In recent years, gene therapy drugs have finally been approved in Europe, the U.S., and Japan. In parallel with this, advances in genome editing technologies have enabled therapeutic strategies by gene knockout and gene repair, which were difficult with conventional so-called gene addition therapy. Worldwide, over 30 clinical trials of genome editing therapy have already been conducted, and some protocols have shown not only safety but also therapeutic efficacy. In the clinical application of genome editing, in addition to the technical hurdles of conventional gene therapy, there are problems specific to genome editing technology, such as the risk of introducing DNA mutations due to off-target activity of enzymes and the immune response to the artificial nucleases. It is necessary to consider the objective risk and benefit in comparison to existing therapeutic protocols. It is also essential to further develop technologies for therapeutic application in a wider range of diseases.

Highlights

In recent years, genome editing has quickly become a popular biological tool. The applications range from basic science to therapeutic drugs, in medicine and other biological fields. The therapeutic application of genome editing can be considered a form of gene therapy, which has also been drawing increased attention. However, genome editing, like conventional gene addition therapy, has many technical challenges to overcome, from off-target activities to immunogenicity, before its potential can be fully realized. This minireview summarizes recent progress in genome editing therapy and discusses these challenges.

Introduction

From Glybera (adeno-associated viral vector (AAV) for the treatment of familial lipoprotein lipase deficiency) in 2012 to Zynteglo (a lentiviral vector for the treatment of β-thalassemia) in 2019, gene therapy drugs are being approved one after another in Europe, the United States, and Japan. The recent success is based on the steady progress in basic research on gene therapy-related area over 20–30 years. In addition to conventional gene therapy using the overexpression of therapeutic genes, the development of therapeutic strategies utilizing genome editing technology is also rapidly advancing [1]. Gene therapy utilizing gene knockout or gene knockin is currently being evaluated in clinical trials, as described below. New genome editing tools, such as a base editor that enables single base substitution without introducing double-strand breaks into chromosomal DNA and a prime editor that enables the deletion and insertion of tens of bases [2], will also be used clinically in the near future. This paper introduces the recent preclinical and clinical studies of genome editing and discusses the problems that may arise in the clinical setting. There will also be issues on intellectual property related to artificial nucleases and vectors and problems related to vector production. However, I will leave these to other articles.

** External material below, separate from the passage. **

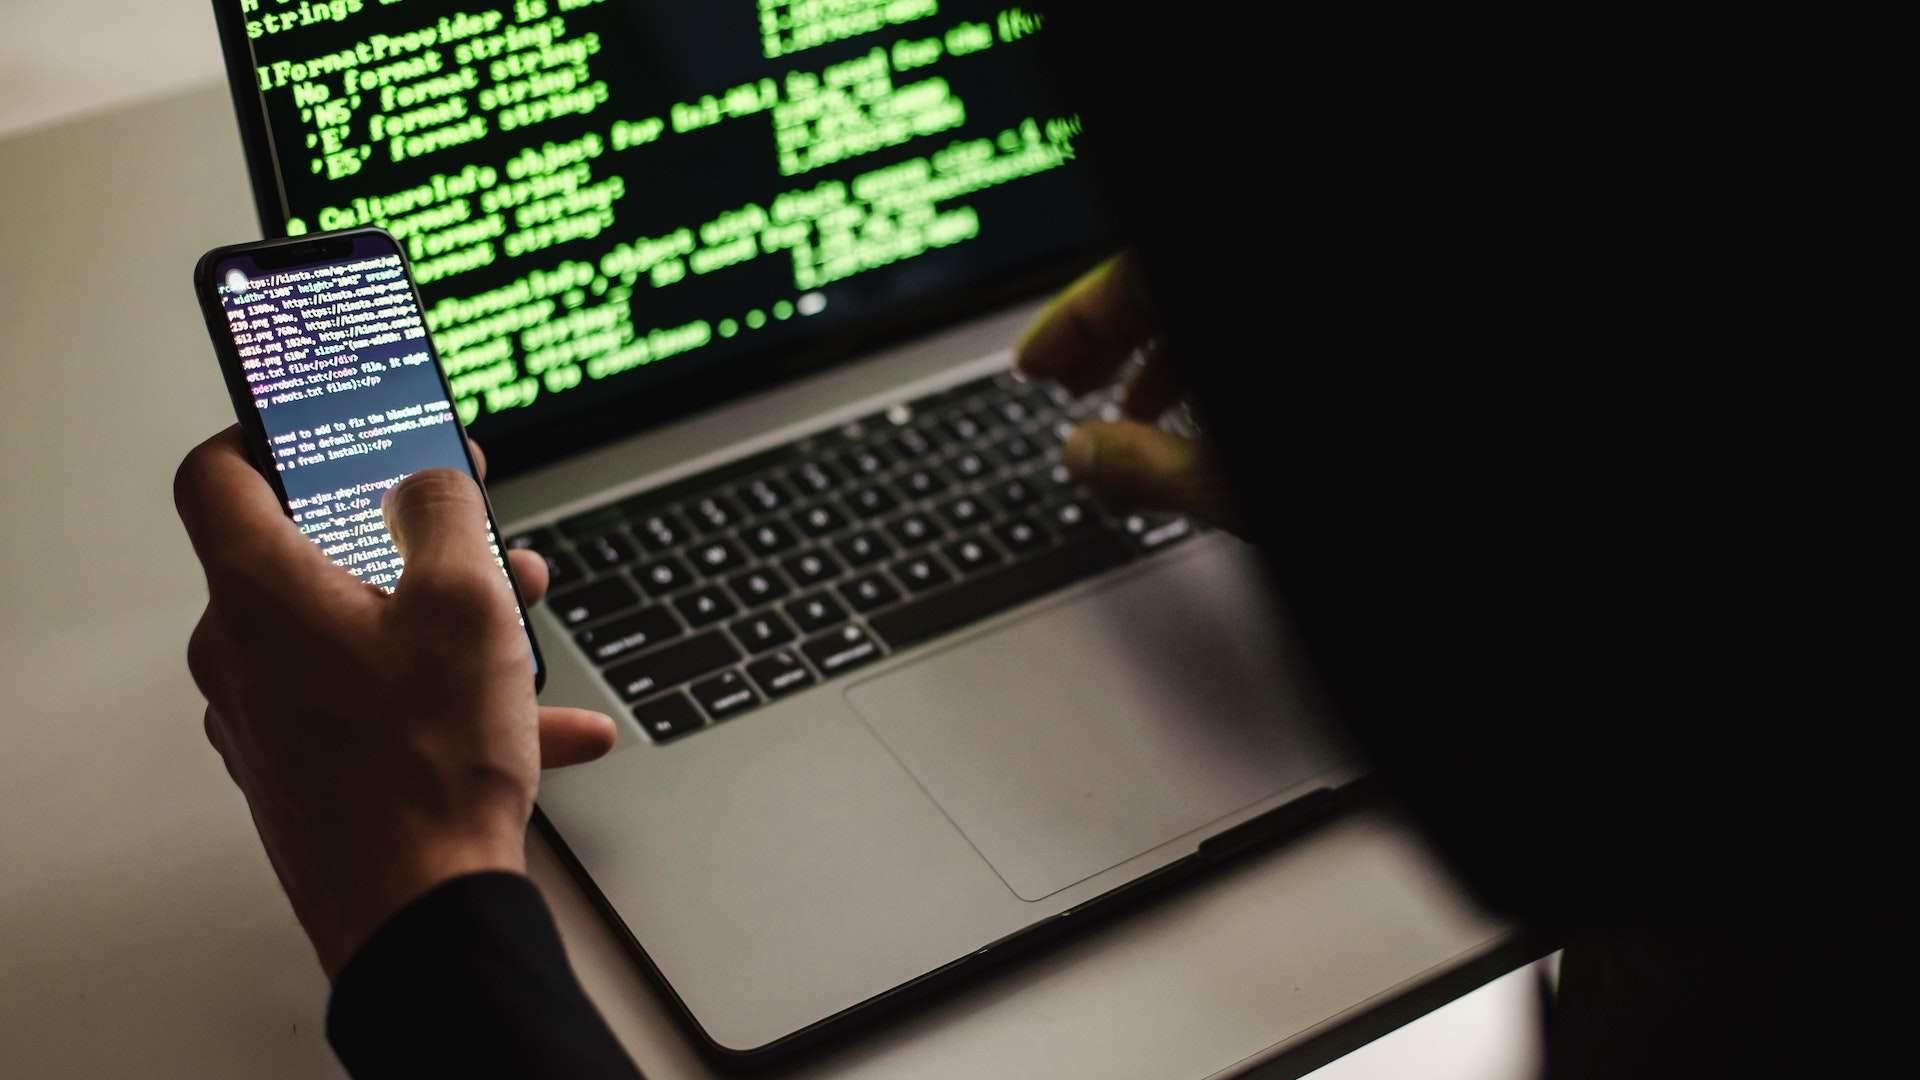 ¿Qué es el Phishing? Es la técnica más sencilla y efectiva para robar información personal así como provocar timos.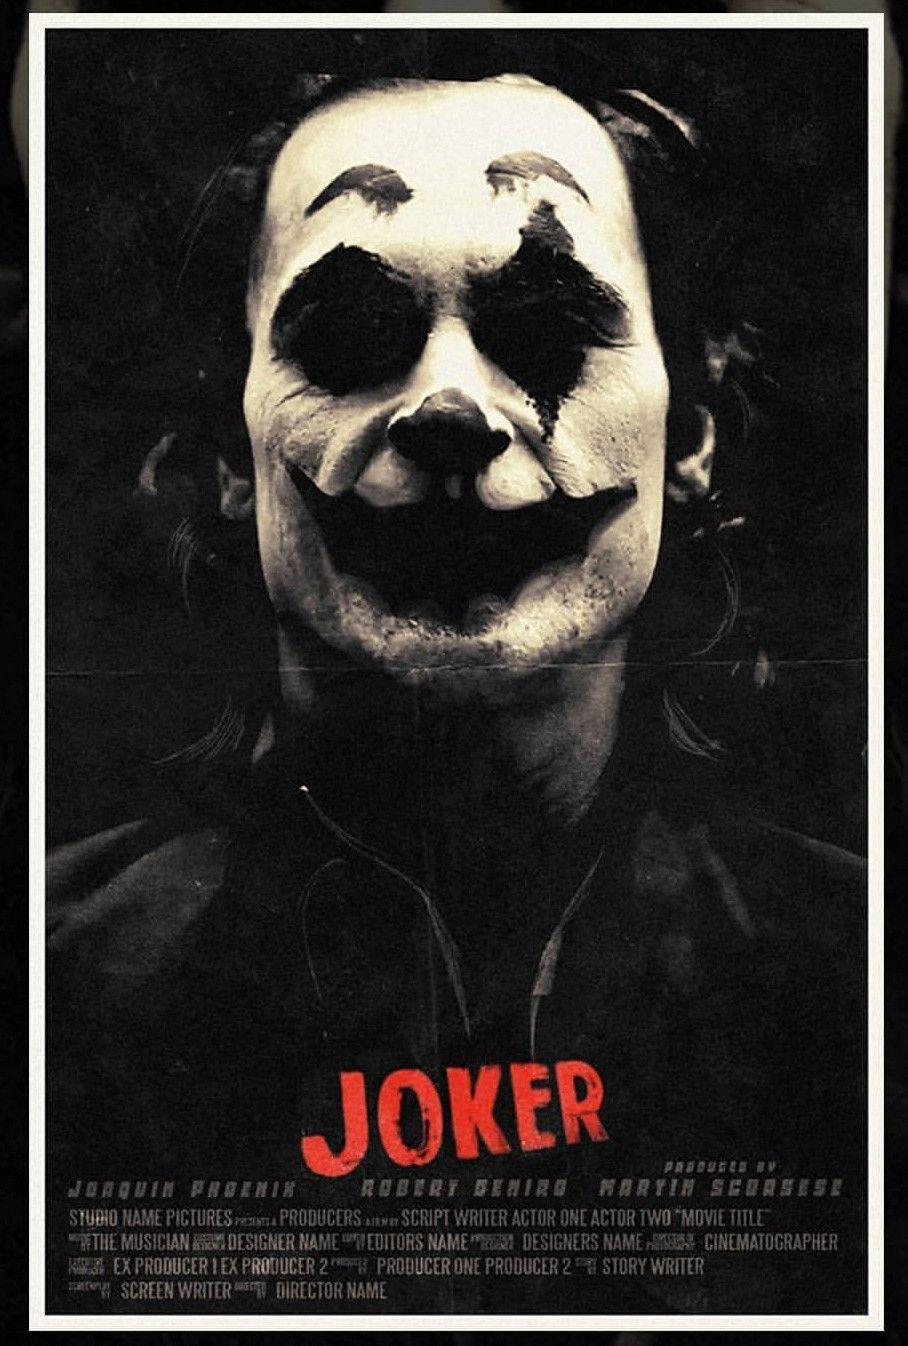 joker poster - black and white make-up

Among gene editing strategies, gene knockout by inaccurate non-homologous end-joining (NHEJ) has opened up new strategies for gene therapy. In addition, if homology-directed repair (HDR) using genome editing is used, the treatment of dominant genetic diseases and a safe and stable gene expression—due to site-specific chromosomal integration of the therapeutic gene—can be obtained (Fig. 1). As points to be considered in the clinical application of genome editing, there are potential problems unique to the genome editing technology, in addition to the problems of conventional gene therapy. Progress in the efficiency and safety of gene delivery methods (vectors) and advances in understanding on host immune responses to vectors and therapeutic genes are the keys to the recent success of gene therapy. In particular, it has been critical that the improvement of vector technology has made it possible to introduce genes into various target tissues with efficiencies close to 100%. Using this vector technology, artificial nucleases can also be introduced and expressed in target cells with high efficiency. However, successful genomic editing requires subsequent steps of efficient chromosome breaks and DNA repair (Fig. 1). Thus, in order for genome editing to be applied to a wider range of diseases, it is necessary to increase the rate of each of these steps.

Fig. 1.

Comparison of conventional gene addition therapy and genome editing therapy for inherited diseases. Among the gene therapy strategies, genome editing technology added new options, such as efficient gene knockout and precise and seamless repair of DNA mutations, in gene therapy strategies.

The risks and benefits when applying genome editing to therapeutic treatment vary greatly depending on the target disease. In particular, when applied to advanced cancer treatment, the risk of the off-target mutations described below does not pose a problem. On the other hand, when treating genetic diseases in children, long-term therapeutic effects and safety must be considered. The content discussed in this paper is primarily intended for applications in genetic diseases, which have higher hurdles.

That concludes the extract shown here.